• _ABOUT THIS TASK_
Each line of the data below goes into the copy exactly; pictures do not.

• _SUPPLIED MATERIAL_
BEGIN

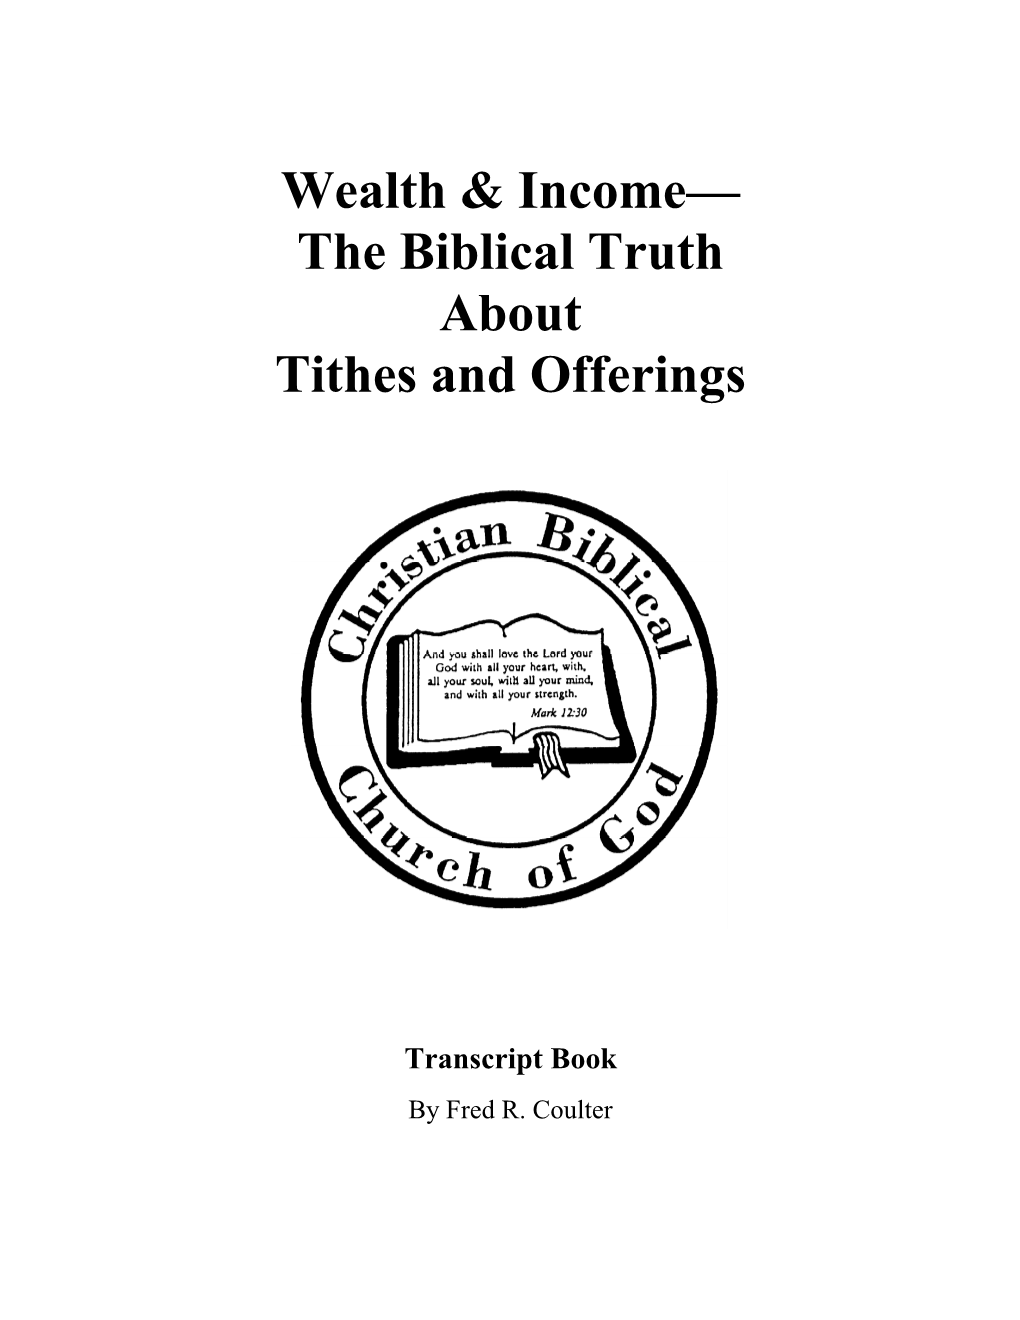 Tithing Series #1 Urban Economics of Jesus’ Time
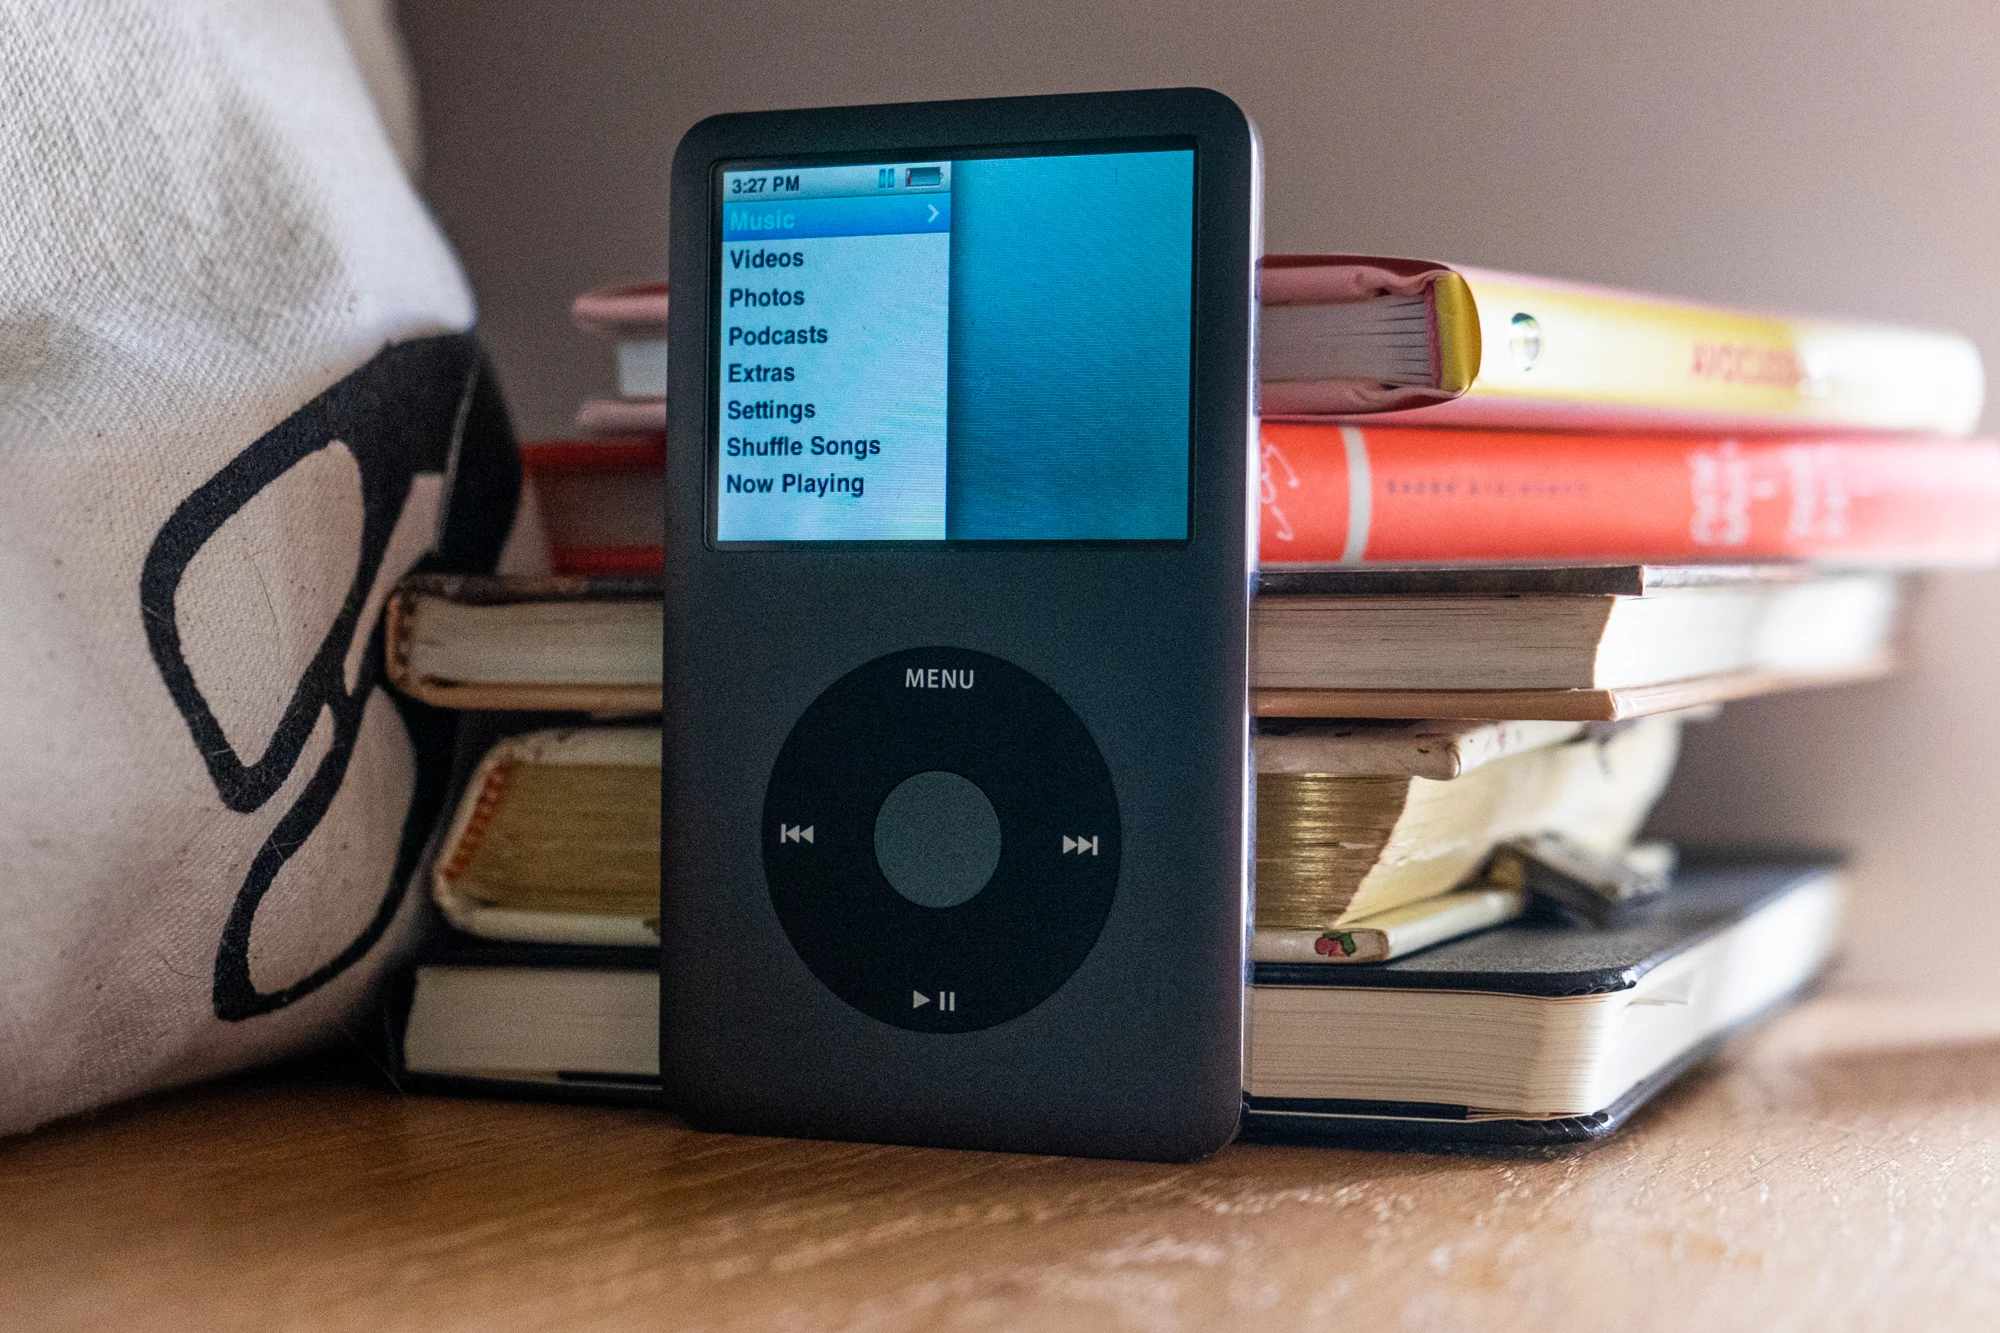 初代iPod発表から20周年。生みの親、「ジョブズが守った約束」を語る
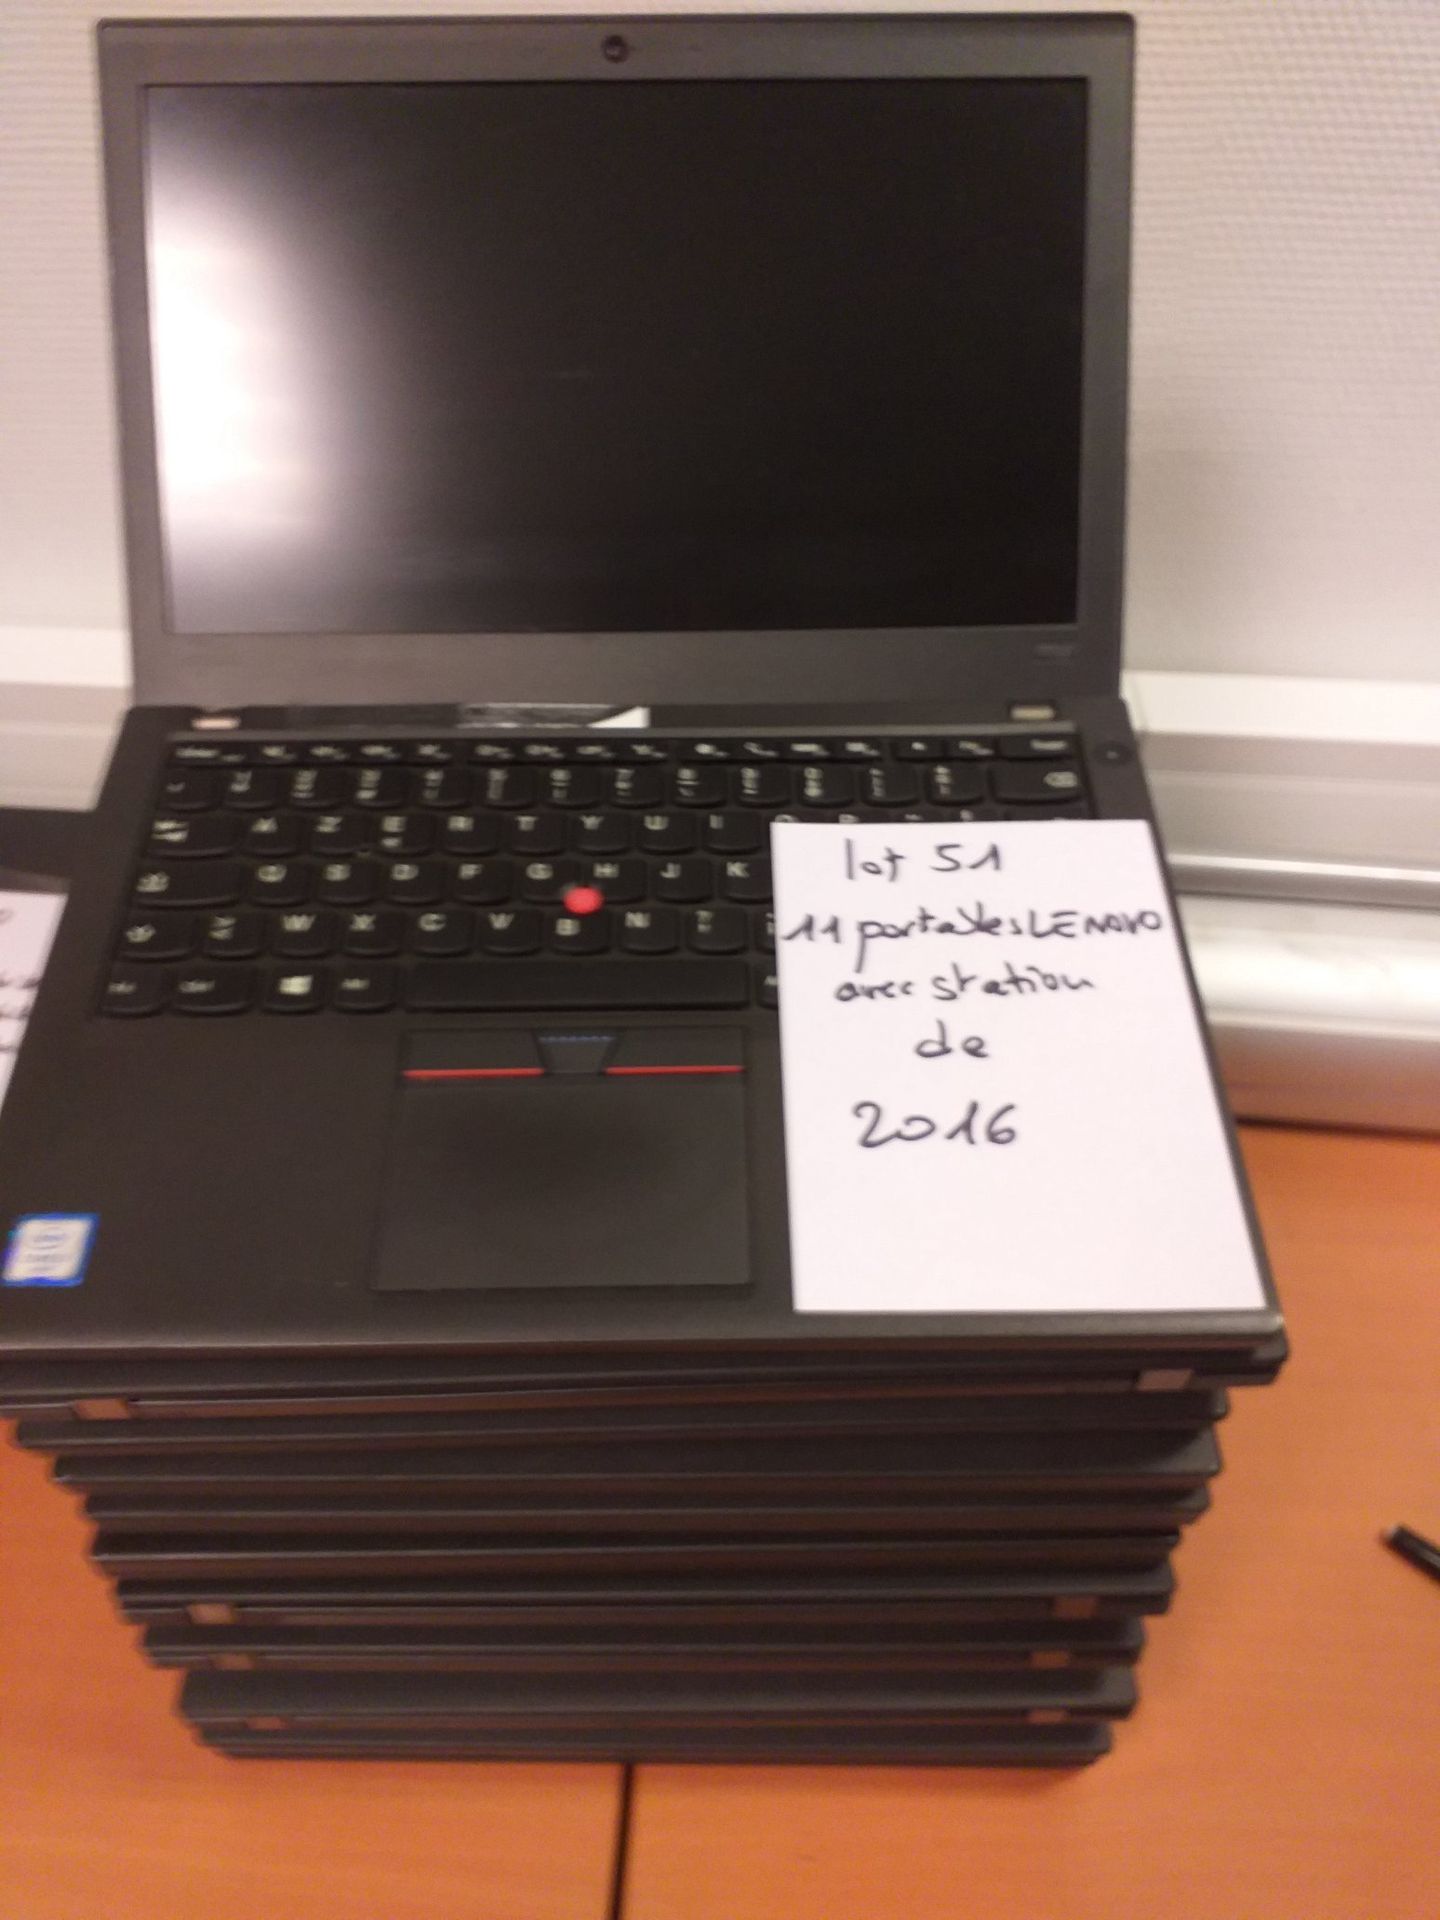 Null Lot de 11 PC de marque Lenovo X260 datant de 2016 (n° 51).
Sans clavier, sa&hellip;

END

• _TASK SOLUTION_
 Tithing Series #1 Urban Economics of Jesus’ Time
 初代iPod発表から20周年。生みの親、「ジョブズが守った約束」を語る
 Null Lot de 11 PC de marque Lenovo X260 datant de 2016 (n° 51).
Sans clavier, sa&hellip;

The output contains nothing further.